2. General Message Wrapper Format
Version 0.8 of the external format for the encoding of CyberCash
messages is described below. CyberCash messages are stylized
documents for the transmission of financial data over the Internet.
While there are numerous schemes for sending information over the
Internet (HTTP, SMTP, and others), each is attached to a specific
transmission mechanism. Because CyberCash messages will need to
travel over each of these media (as well as others) a transmission
independent mechanism is needed.
2.1 Message Format
CyberCash messages consist of the following components:
1. Header - defines the start of the CyberCash message and includes
version information.
2. Transparent Part - contains information that is not private.

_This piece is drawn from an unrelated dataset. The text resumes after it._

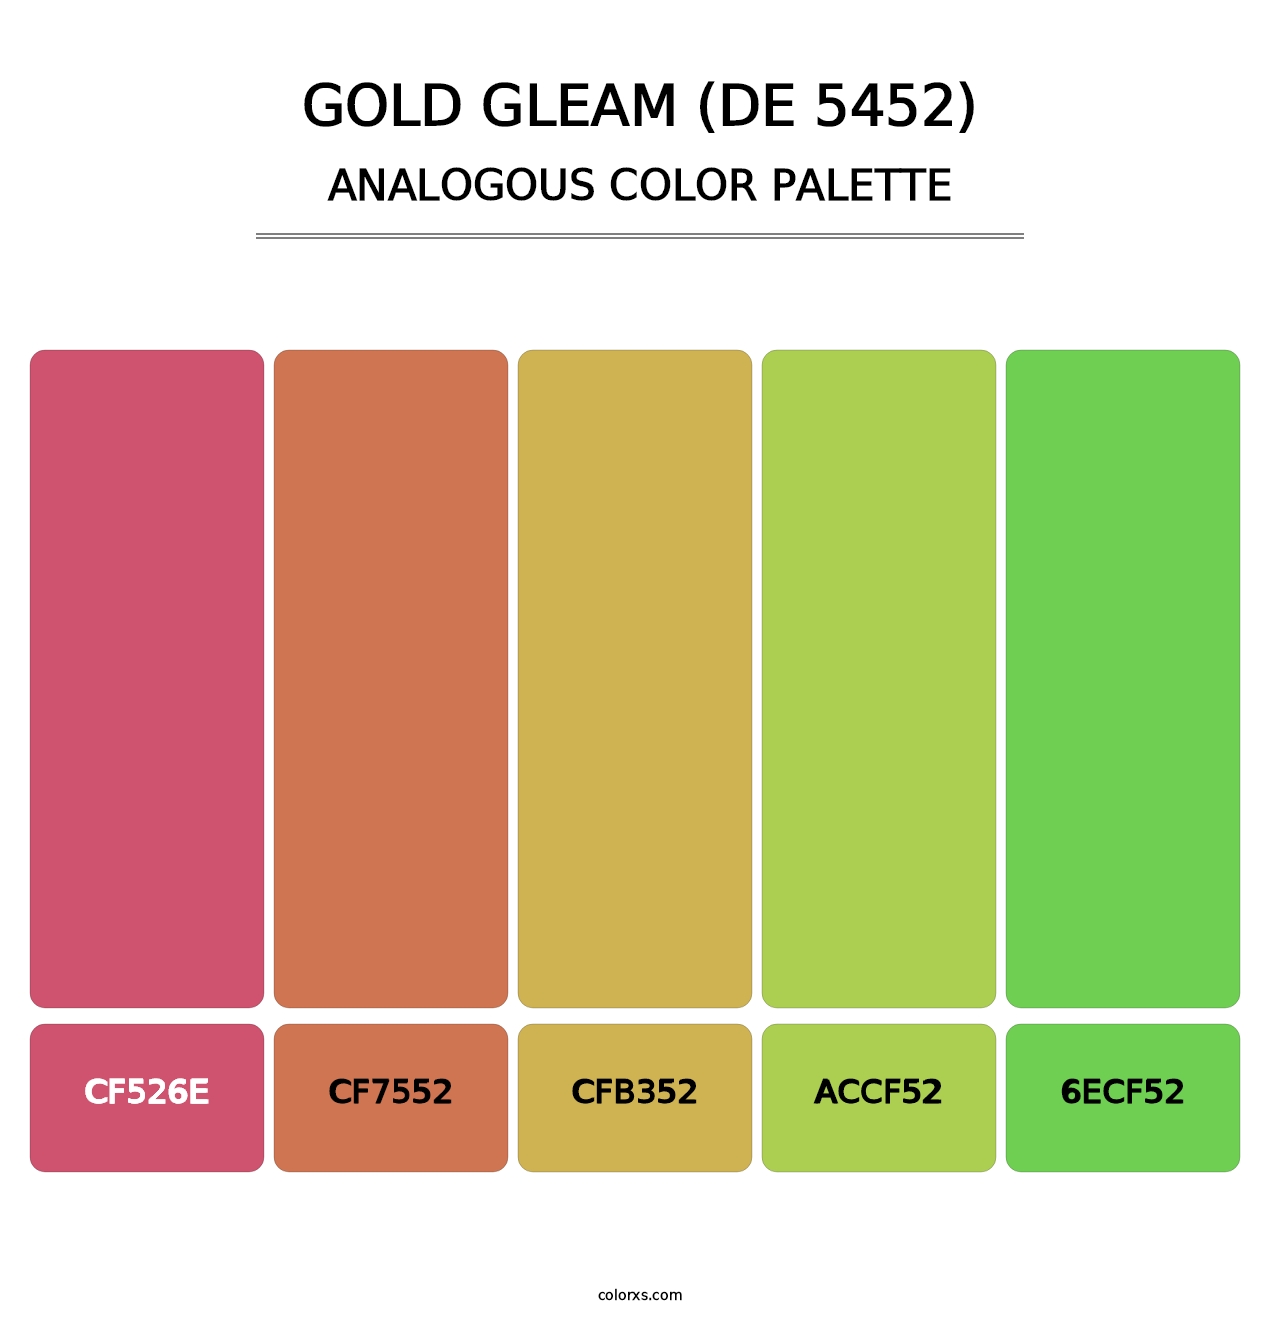 Gold Gleam (DE 5452) - Analogous Color Palette

3. Opaque Part(s) - contains the financial information in the
message and is both privacy protected as well as tamper protected.
An opaque part is not present in some messages. When present, the
opaque part usually provides tamper protection for the transparent
part.
4. Trailer - defines the end of the CyberCash message and includes a
check value to enable the receiver to determine that the message
has arrived undamaged. Note: this check value is intended only to
detect accidental damage to the message, not deliberate tampering.
No null characters (zero value) or characters with the eighth bit
on are permitted inside a CyberCash message. "Binary" quantities
that might have such byte values in them are encoded in base64 as
described in RFC 1521.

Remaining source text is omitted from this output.